On April 3, 2022, I turned 79 in Miami. It was the age at which my father died of heart disease on March 7, 1992. My mother died at the age of 83 from a “minor” operation (except for her, of course) in the year 2000. According to the admired Italian neurologist Rita Levi -Montalcini, Nobel Prize in Medicine (1986), children, roughly, should calculate their life expectancy by averaging the age at death of the two parents, but adding ten percent, as a result of medical advances. My number was 88 years. It’s too much. I think starting the eighth inning, as my friend Jorge Sonville says, is more than enough. It’s quite a provocation.
My younger brother, Robert Alex, a brilliant physician with whom I discussed the Levi-Montalcini formula, was skeptical of this hypothesis. He argued, with good reason, that those averages didn’t help much. He, my younger brother, died at the age of 69 in the midst of the Covid 19 epidemic. His death occurred on August 1, 2020. At that time, there was no vaccine. I was almost eight years older than he. But my older brother, born in October 1940, Ernesto, is still alive. Of the three, he is the most resistant to life’s adversities.

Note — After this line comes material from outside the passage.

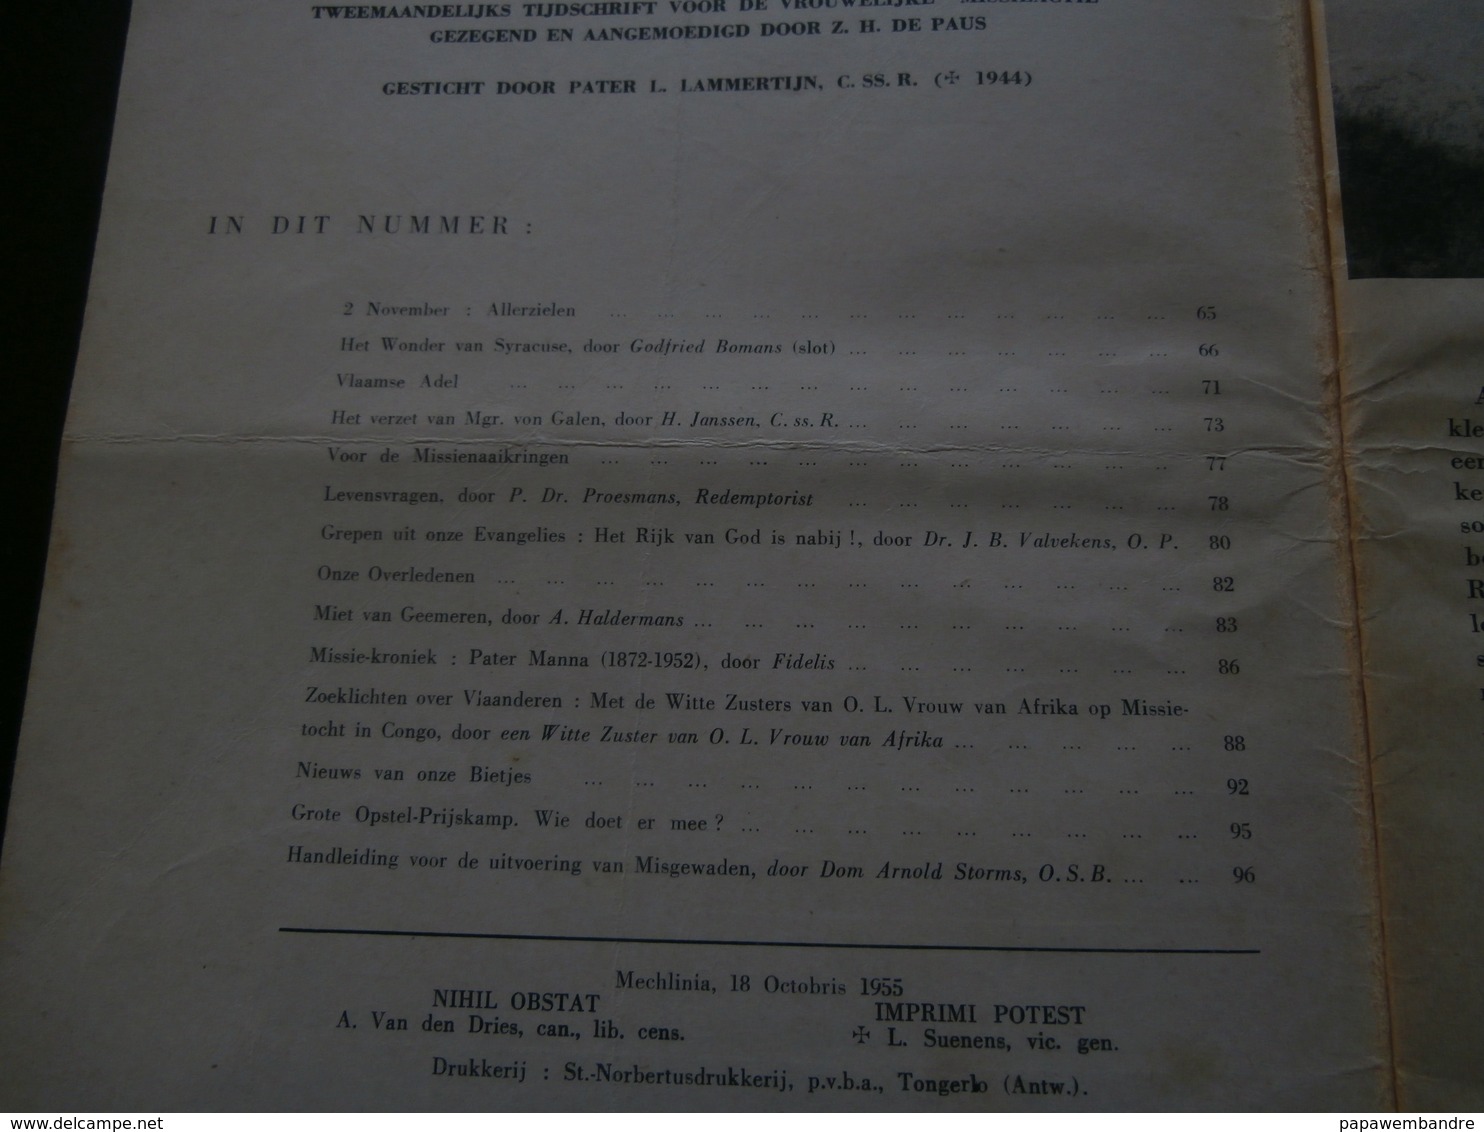 De Ijverige Missiebietjes Nov 1955, Kongo, Kamina, Moerkerke, Pittem, G Bomans - Antique

The purpose of this article is to stimulate the debate on euthanasia: my position is to support it as long as it is a voluntary choice. In the same way that organs are donated while alive, I think it would be enough to put it in writing or designate a person to make the decisions in the event that it is materially impossible to assume that responsibility. This is how, when I arrived in Madrid in October of last year, I delivered a document to the public health service establishing health care and treatment in extreme situations. Thanks to the advice from the beginning of the Right to Die with Dignity Association (DMD) I have been able, with the unconditional support of my loved ones, to overcome all the bureaucratic steps required by a protectionist law. In that way, I started the legal process that has culminated in the approval of the provision of aid to die in my case, since, in accordance with the provisions of the Law, I meet all the requirements for serious, chronic and disabling illness. Until the end of the road I count on the assistance of Social Security professionals.

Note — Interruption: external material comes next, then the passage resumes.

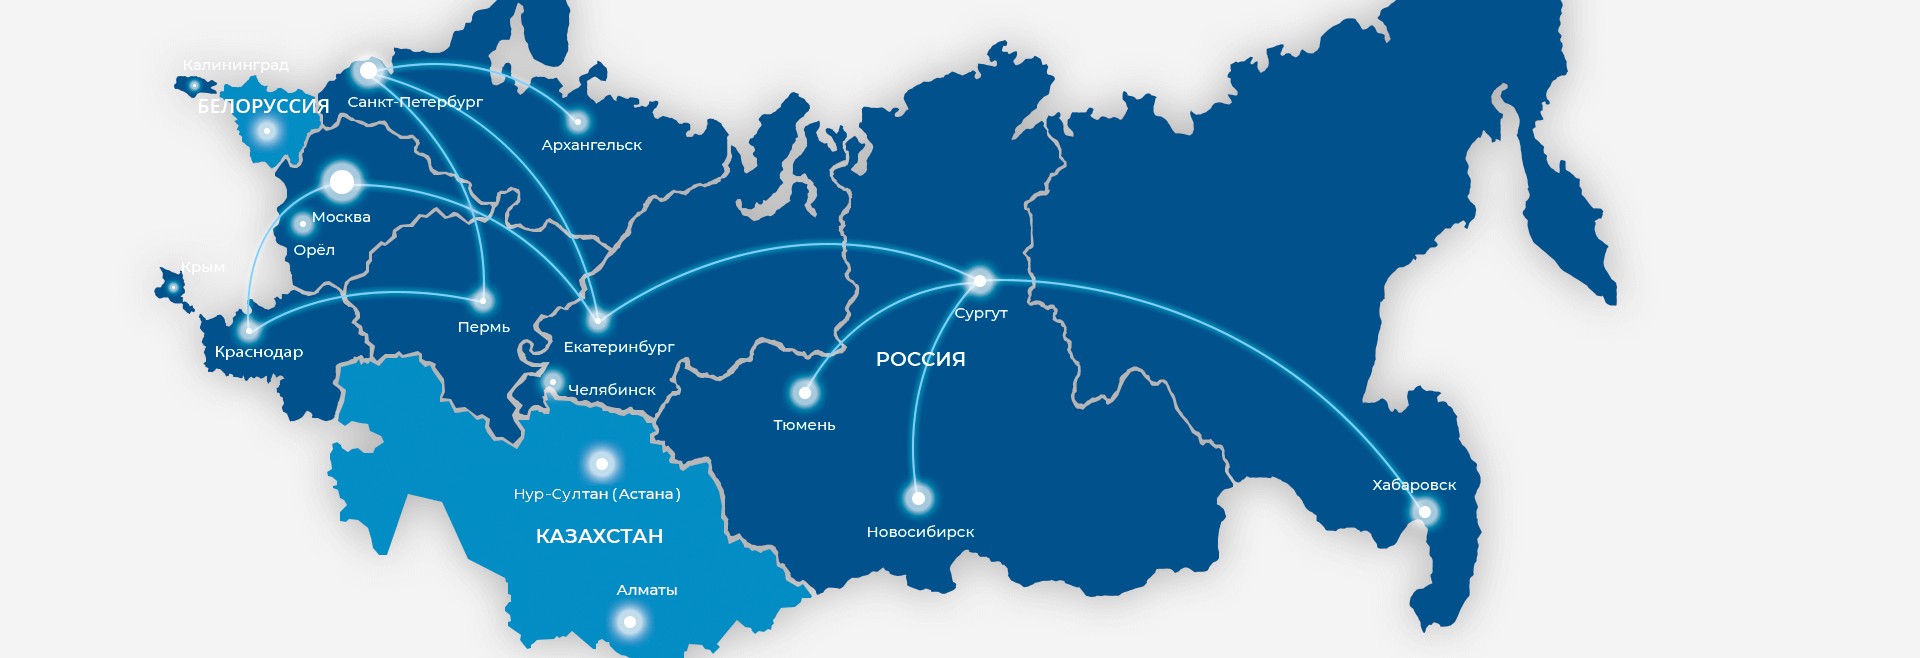 Network kazakhstan. География доставки. География поставок. География поставок Россия. Карта России.

The purpose of this article is to stimulate the debate on euthanasia: my position is to support it as long as it is a voluntary choice
As if that were not enough, an MRI carried out at the Gregorio Marañón Hospital concluded that I actually suffer from Progressive Supranuclear Palsy (PSP), an atypical and more aggressive Parkinson’s disease. That explains my accelerated lack of eye movement, which prevents me from reading and writing, in addition to the increasing limitations in expressing myself verbally. My daily life, in which reading, writing and oral expression have been my hallmarks, are erased from one day to the next. My body hasn’t been with me for a long time.
I have lived in a country, Spain, for 40 years, at the western end of Europe, of which it was said, unfairly, that the Spanish only understood at the crack of a whip. It was not true. Democracy and freedom are within the reach of any people who propose it. I have returned in the twilight of my life. Here I have turned 80 years old. The last of my existence thanks to the euthanasia law. Does one want a greater freedom than choosing the moment of departure?
I fulfill my wish to die in Madrid, the city that I love and in which I have shared so much with Linda, my beloved wife through good times and bad. I do so while still enjoying the ability to express my will to exercise my right to end my life in a free and dignified manner in accordance with my beliefs. I will not bother you anymore, dear reader. Adiós.